Sunday, March 21, 2021

Getting Close To The Secrets Of Superconductivity

quantamagazine  |  For the last three years, electrons have been toying with physicists.

The game started in 2018 when the lab of Pablo Jarillo-Herrero announced the find of the decade: When the researchers stacked one flat sheet of carbon atoms on top of another, applied a “magic” 1.1-degree twist between them, then cooled the atomic wafers to nearly absolute zero, the sample became a perfect conduit of electrons.

How were the particles conspiring to slip flawlessly through the graphene sheets? The kaleidoscopic “moiré” pattern created by the skew angle seemed significant, but no one knew for sure. To find out, researchers started twisting and stacking every material they could get their hands on.

At first, the electrons played along. Experiment after experiment found that, in an array of flat materials, frigid temperatures brought plummeting electric resistance. A more profound understanding of the conditions necessary for ideal conduction felt close, and with it, a tantalizing step toward an electronics revolution.

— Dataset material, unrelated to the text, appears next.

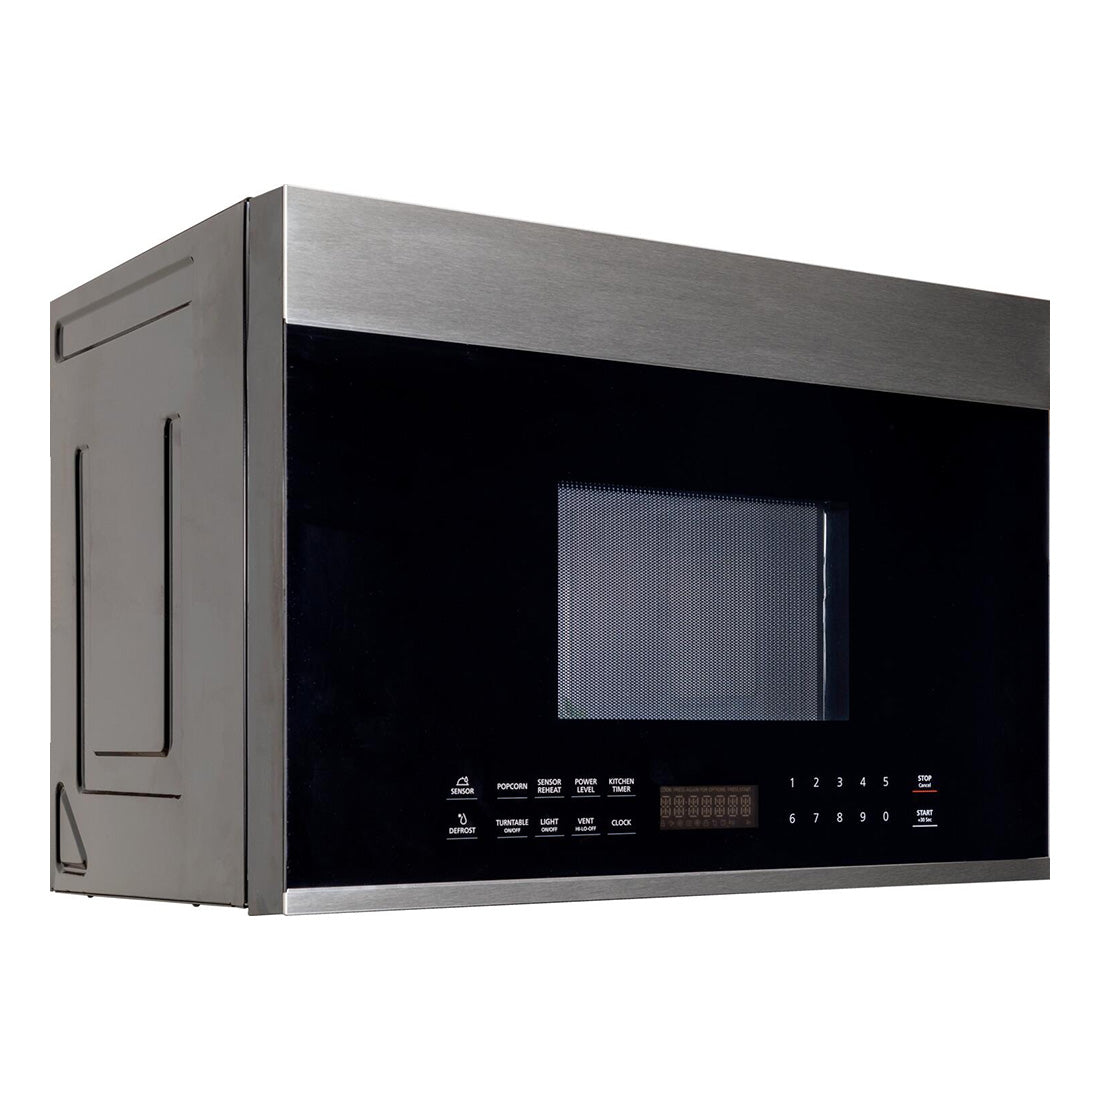 Forté 24 in. 1.3 cu. ft. Over the Range Microwave in Stainless Steel side.

“It seemed like superconductivity was everywhere,” said Matthew Yankowitz, a condensed matter physicist at the University of Washington, “no matter what system you looked at.”

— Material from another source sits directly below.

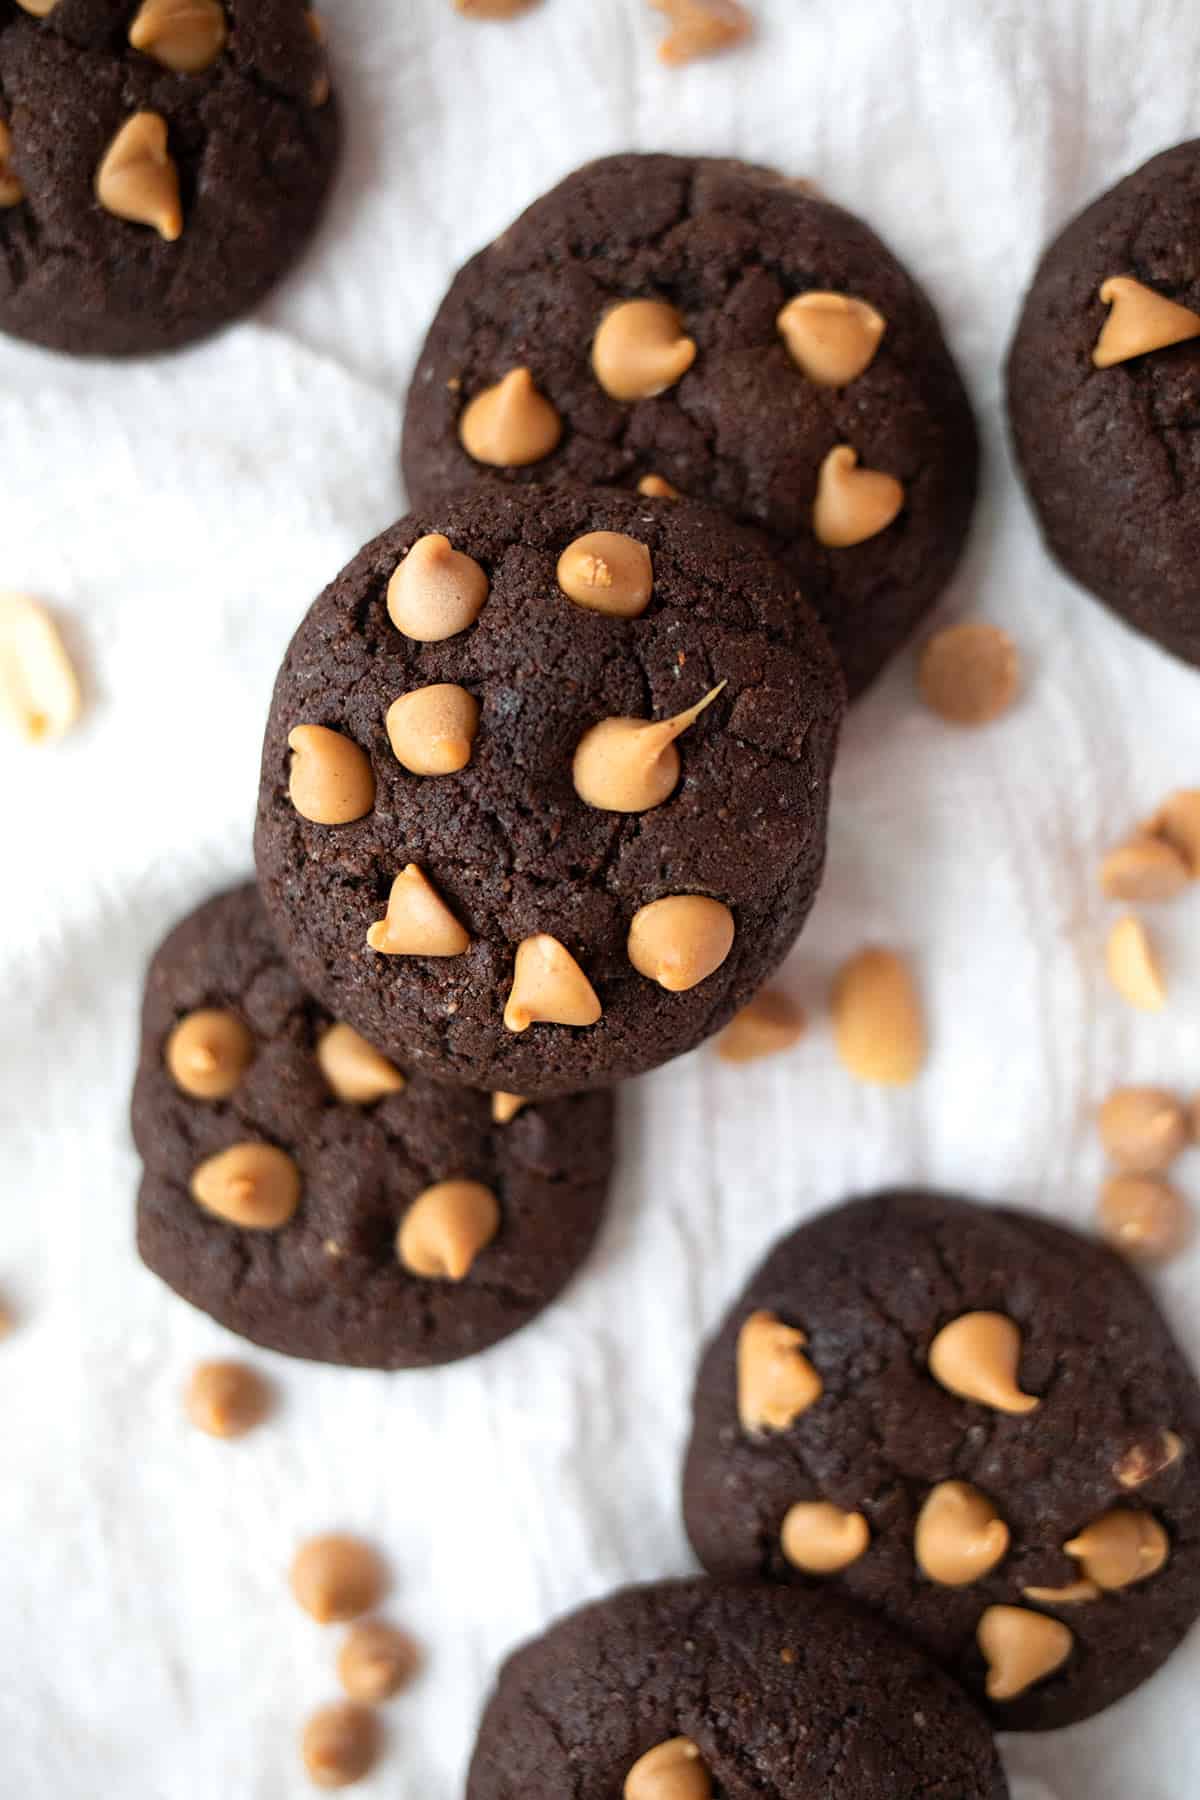 Top down image of Keto Chocolate Peanut Butter Cookies.

But the electrons proved coy. As researchers inspected their samples more carefully, the instances of superconductivity vanished. In some materials, resistance wasn’t actually getting down to zero. In others, different tests offered conflicting results. Only in the original double-layered graphene did electrons regularly achieve a frictionless flow.

“We had this zoo of different twisted materials, and twisted bilayer graphene was the only one that was clearly a superconductor,” Yankowitz said.

Then in the past month, two papers published in the journals Nature and Science described a second related superconductor, a three-layer graphene sandwich with the “bread” sheets aligned and the filling sheet skewed by 1.56 degrees. The unmistakable electron-carrying prowess of twisted trilayer graphene confirms that the two-wafer system was not a fluke. “It was the first of a family of moiré superconductors,” said Jarillo-Herrero, a physicist at the Massachusetts Institute of Technology who also led one of the new experiments, “and this one is the second member of the family.”

Importantly, this second sibling has helped to illuminate an underlying mechanism that could be what powers the superconductivity of these materials.

In the months after the 2018 discovery, one group of theorists began to puzzle over the mechanism that made bilayer graphene superconduct. They suspected that one particular geometric trait might allow electrons to swirl into exotic maelstroms that behave in an entirely novel manner. This mechanism, which is unlike any of the (few) known schemes responsible for superconductivity, would explain the superconductive success of bilayer graphene, as well as the failure of other materials. It also predicted that graphene’s trilayer sibling would superconduct as well.